Kibiriti Majuto ’21, a student at the College , followed Maloney in giving his testimony. He said that the College has placed excessive emphasis on the role that individuals and students play in combating COVID-19’s spread on campus, while neglecting the university’s own responsibility to create cohesive, community-level responses. While the College encourages students to exercise individual autonomy when adhering to mask wearing and social distancing requirements, Majuto said it is doing an insufficient job ensuring student safety. He said one of the policies where this pattern is most visible is the College’s prevalence testing protocol, which aims to randomly test five percent of students and staff every two weeks.

“The five percent sample is not enough, that William and Mary is doing,” Majuto said. “… That five percent has to be increased. That’s not a great sample to account for every single person who’s back.”

The conversation then shifted to UVA, with student Sarandon Elliott describing the current state of affairs in Charlottesville. Elliott helped organize a ‘die in’ on UVA’s Lawn earlier this month before UVA returned to in-person classes Sept. 8, where more than 50 students laid down motionless for 15 minutes to convey the risks inherent in welcoming students back to grounds.

Elliott said she is most concerned about exposing her family back at home in Richmond to COVID-19 upon her return from UVA and urged university administrators across the state to pay more attention towards the potential human costs associated with holding in-person coursework this fall.

“This is very personal for me,” Elliott said. “I’m from Richmond, born and raised … I’m scared every day. I’m scared of exposing my family.
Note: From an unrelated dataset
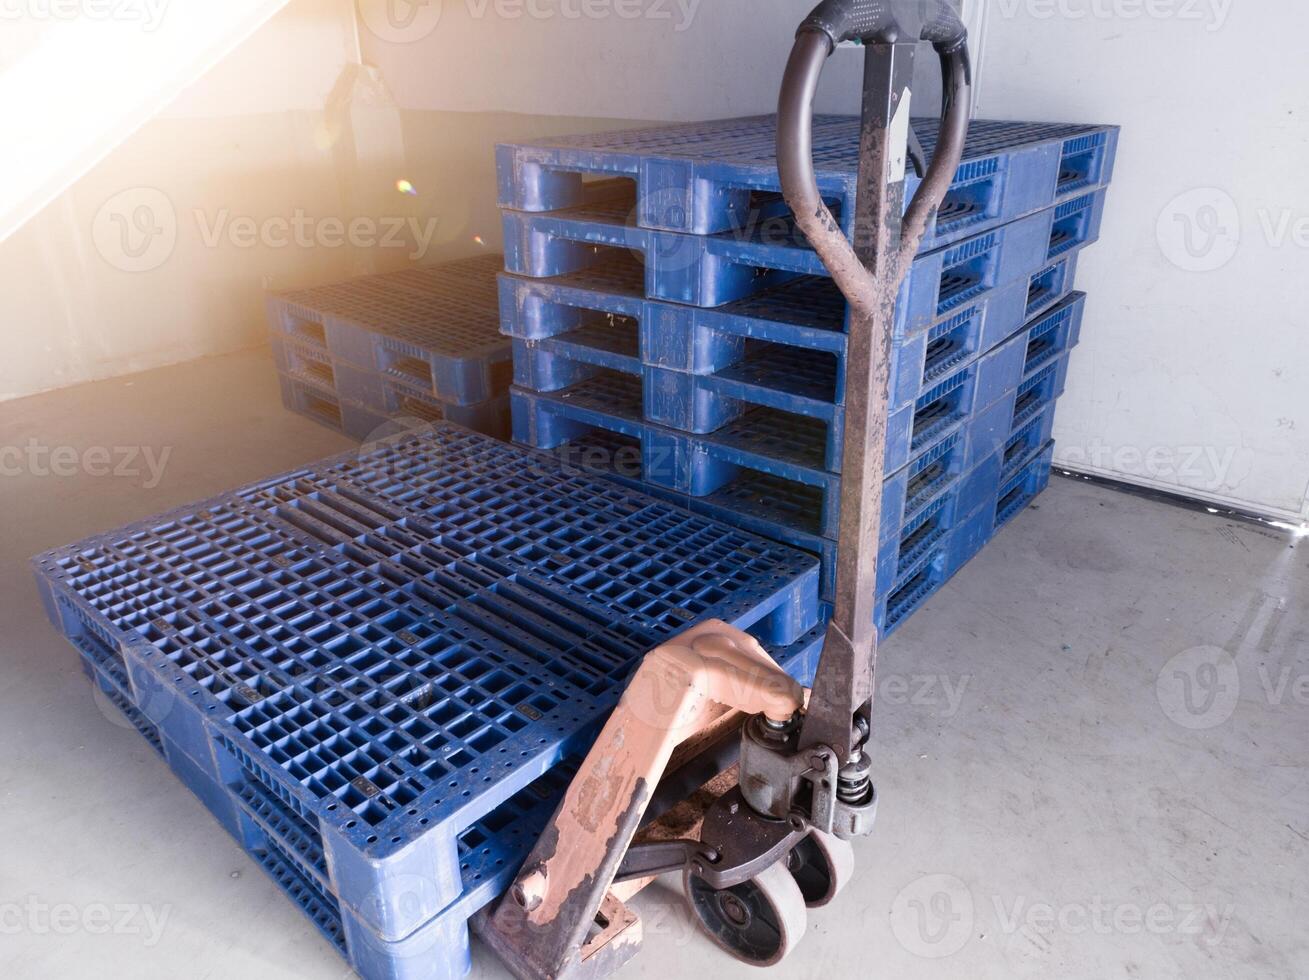 Hand pallet jack and some blue pallet on the distribution warehouse area. photo

I’m afraid if with VCU’s poor planning as well, I’m scared for my family in Richmond, I’m scared to bring it back from Charlottesville. We’ve all seen what happens when these very large institutions do not do their part during public health crises.”

Several other students, including representatives from VT and GMU, also enunciated concerns with their universities’ reopening plans, including a lack of hazard pay for essential employees and precarious housing situations for international students. Some representatives also brought up concerns about intimidation and harassment against student activists by college administrations, impeding their work throughout the state.

After participating in the forum, Sidney Miralao ’21 followed up on her concerns with the College’s philosophy in blaming students for poor adherence to COVID-19 safety protocols. Students have received multiple emails from the Dean of Students Office since freshmen first arrived Aug. 12, some of which have insinuated that institutional outcomes at the College — including furloughing employees and suspending in-person classes — are highly dependent on student behavior.

“Like Taylor from VCU mentioned, if William and Mary’s decision for re-opening campus was centered around student safety, equity, and well-being, they would not have invited the entire undergraduate population back to campus to try and create a “normal” semester,” Miralao said in an email. “Nothing about living through a pandemic, economic crisis, and national uprisings should be treated as normal. Specifically, asking students to police and surveil one another in addition to increasing the police presence on and around campus during a time of uprising against police seems particularly tone deaf — administrators are the ones who forced students to return this semester, they cannot burden and blame socially-deprived young people if an outbreak occurs; this is not to say students should be free to party and gather in large groups (which wouldn’t have happened if students were not invited back to Williamsburg), but answering such behavior with threats and aggressive consequences does nothing to improve the situation and only further alienates the student body from trusting the administration and its decisions.”